**What is required:** Write the entries out exactly, with the final line being the one containing "Fisher-Price H4088 Riding Toy User Manual".

**Data supplied:**

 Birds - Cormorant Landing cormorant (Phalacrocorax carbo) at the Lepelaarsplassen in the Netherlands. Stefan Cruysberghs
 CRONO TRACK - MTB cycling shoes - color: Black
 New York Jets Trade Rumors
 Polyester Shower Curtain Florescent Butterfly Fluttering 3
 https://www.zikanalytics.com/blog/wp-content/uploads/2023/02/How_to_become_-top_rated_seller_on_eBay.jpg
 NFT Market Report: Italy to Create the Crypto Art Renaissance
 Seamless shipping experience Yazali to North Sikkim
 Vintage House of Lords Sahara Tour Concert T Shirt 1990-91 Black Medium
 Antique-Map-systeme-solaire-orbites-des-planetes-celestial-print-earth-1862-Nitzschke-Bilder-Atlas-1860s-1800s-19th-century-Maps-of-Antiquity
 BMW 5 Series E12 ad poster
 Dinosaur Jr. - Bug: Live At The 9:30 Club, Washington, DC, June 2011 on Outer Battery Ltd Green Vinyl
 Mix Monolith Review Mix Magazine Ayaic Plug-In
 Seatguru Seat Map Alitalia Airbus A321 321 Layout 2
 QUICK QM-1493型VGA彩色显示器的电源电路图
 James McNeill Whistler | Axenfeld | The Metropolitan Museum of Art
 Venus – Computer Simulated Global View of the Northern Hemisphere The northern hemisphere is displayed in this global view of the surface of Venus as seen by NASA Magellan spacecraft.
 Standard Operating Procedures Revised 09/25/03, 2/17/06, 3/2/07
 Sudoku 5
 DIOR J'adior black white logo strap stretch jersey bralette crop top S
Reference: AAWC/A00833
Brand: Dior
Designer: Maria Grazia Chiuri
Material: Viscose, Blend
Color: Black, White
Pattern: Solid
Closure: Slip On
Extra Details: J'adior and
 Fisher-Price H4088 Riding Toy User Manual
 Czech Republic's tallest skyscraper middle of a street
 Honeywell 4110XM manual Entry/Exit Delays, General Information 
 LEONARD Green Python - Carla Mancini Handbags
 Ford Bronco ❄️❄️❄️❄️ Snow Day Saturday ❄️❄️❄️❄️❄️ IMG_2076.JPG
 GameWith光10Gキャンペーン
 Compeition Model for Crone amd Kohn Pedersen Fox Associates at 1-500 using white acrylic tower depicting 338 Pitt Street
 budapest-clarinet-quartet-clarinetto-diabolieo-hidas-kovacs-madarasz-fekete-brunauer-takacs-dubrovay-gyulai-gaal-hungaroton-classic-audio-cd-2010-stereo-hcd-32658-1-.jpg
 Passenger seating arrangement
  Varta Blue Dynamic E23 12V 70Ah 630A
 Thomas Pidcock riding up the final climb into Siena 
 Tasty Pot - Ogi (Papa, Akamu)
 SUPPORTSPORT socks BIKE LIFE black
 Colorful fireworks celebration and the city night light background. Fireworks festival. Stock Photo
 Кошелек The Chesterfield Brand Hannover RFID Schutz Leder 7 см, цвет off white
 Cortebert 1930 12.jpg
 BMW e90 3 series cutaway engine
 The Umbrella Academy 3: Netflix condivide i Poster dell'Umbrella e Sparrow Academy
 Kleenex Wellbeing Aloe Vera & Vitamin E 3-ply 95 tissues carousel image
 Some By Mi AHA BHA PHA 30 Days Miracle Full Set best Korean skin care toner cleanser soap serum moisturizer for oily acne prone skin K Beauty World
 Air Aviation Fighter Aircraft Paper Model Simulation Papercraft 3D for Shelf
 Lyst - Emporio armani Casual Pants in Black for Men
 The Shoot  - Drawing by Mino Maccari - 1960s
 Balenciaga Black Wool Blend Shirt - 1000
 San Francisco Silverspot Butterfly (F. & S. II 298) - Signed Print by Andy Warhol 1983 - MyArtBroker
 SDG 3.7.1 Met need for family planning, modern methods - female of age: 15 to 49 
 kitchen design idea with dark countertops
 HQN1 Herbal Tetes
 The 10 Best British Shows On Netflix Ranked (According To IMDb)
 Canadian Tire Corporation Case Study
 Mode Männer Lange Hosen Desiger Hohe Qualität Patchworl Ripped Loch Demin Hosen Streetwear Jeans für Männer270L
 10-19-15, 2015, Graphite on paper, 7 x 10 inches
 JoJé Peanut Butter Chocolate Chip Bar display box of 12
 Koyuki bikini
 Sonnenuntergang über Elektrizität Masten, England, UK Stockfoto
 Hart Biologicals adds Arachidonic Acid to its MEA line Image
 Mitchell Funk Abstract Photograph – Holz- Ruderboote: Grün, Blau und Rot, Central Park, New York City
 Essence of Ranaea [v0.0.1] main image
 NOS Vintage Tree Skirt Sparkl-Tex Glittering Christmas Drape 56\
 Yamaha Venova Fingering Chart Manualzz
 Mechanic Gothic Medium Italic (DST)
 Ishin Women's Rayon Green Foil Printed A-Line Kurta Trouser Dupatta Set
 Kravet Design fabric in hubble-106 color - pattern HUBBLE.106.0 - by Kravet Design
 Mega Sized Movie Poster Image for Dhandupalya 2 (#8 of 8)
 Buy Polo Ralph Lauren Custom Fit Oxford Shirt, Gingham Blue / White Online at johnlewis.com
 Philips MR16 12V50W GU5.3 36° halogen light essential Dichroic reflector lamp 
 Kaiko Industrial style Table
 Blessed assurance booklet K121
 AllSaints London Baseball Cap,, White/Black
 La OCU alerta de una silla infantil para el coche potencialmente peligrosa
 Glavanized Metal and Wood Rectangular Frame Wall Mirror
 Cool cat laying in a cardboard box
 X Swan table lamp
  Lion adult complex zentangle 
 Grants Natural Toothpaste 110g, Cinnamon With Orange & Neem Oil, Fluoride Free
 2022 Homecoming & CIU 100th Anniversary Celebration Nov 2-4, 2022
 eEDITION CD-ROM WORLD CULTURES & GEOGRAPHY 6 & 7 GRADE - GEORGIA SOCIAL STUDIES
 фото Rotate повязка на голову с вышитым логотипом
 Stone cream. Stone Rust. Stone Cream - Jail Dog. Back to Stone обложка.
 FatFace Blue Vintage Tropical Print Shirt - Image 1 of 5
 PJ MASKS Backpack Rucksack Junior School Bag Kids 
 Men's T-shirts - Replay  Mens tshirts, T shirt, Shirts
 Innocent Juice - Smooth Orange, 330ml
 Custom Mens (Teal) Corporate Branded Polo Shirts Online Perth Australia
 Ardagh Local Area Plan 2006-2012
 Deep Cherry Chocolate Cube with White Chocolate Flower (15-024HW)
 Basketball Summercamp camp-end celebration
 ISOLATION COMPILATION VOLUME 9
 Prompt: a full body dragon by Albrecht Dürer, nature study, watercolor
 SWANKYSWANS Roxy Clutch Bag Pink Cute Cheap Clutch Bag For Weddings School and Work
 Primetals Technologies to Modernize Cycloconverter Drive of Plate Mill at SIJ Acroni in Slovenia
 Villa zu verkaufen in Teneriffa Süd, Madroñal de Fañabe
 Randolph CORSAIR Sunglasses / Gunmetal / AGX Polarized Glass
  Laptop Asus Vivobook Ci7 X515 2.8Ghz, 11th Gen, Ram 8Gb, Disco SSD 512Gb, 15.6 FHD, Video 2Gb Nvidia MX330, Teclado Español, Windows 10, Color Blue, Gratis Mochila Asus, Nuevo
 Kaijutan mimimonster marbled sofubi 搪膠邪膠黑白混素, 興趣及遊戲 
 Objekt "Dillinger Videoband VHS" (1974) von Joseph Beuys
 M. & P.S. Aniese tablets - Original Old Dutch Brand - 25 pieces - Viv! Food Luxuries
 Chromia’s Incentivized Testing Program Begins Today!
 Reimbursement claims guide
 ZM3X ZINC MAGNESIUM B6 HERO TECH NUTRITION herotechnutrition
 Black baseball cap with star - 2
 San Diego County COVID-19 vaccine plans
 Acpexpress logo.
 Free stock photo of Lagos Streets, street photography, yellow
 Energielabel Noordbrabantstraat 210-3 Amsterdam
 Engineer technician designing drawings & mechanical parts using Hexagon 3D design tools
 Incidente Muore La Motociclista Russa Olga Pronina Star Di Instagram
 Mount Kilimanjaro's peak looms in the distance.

**Exercise answer:**
 Birds - Cormorant Landing cormorant (Phalacrocorax carbo) at the Lepelaarsplassen in the Netherlands. Stefan Cruysberghs
 CRONO TRACK - MTB cycling shoes - color: Black
 New York Jets Trade Rumors
 Polyester Shower Curtain Florescent Butterfly Fluttering 3
 https://www.zikanalytics.com/blog/wp-content/uploads/2023/02/How_to_become_-top_rated_seller_on_eBay.jpg
 NFT Market Report: Italy to Create the Crypto Art Renaissance
 Seamless shipping experience Yazali to North Sikkim
 Vintage House of Lords Sahara Tour Concert T Shirt 1990-91 Black Medium
 Antique-Map-systeme-solaire-orbites-des-planetes-celestial-print-earth-1862-Nitzschke-Bilder-Atlas-1860s-1800s-19th-century-Maps-of-Antiquity
 BMW 5 Series E12 ad poster
 Dinosaur Jr. - Bug: Live At The 9:30 Club, Washington, DC, June 2011 on Outer Battery Ltd Green Vinyl
 Mix Monolith Review Mix Magazine Ayaic Plug-In
 Seatguru Seat Map Alitalia Airbus A321 321 Layout 2
 QUICK QM-1493型VGA彩色显示器的电源电路图
 James McNeill Whistler | Axenfeld | The Metropolitan Museum of Art
 Venus – Computer Simulated Global View of the Northern Hemisphere The northern hemisphere is displayed in this global view of the surface of Venus as seen by NASA Magellan spacecraft.
 Standard Operating Procedures Revised 09/25/03, 2/17/06, 3/2/07
 Sudoku 5
 DIOR J'adior black white logo strap stretch jersey bralette crop top S
Reference: AAWC/A00833
Brand: Dior
Designer: Maria Grazia Chiuri
Material: Viscose, Blend
Color: Black, White
Pattern: Solid
Closure: Slip On
Extra Details: J'adior and
 Fisher-Price H4088 Riding Toy User Manual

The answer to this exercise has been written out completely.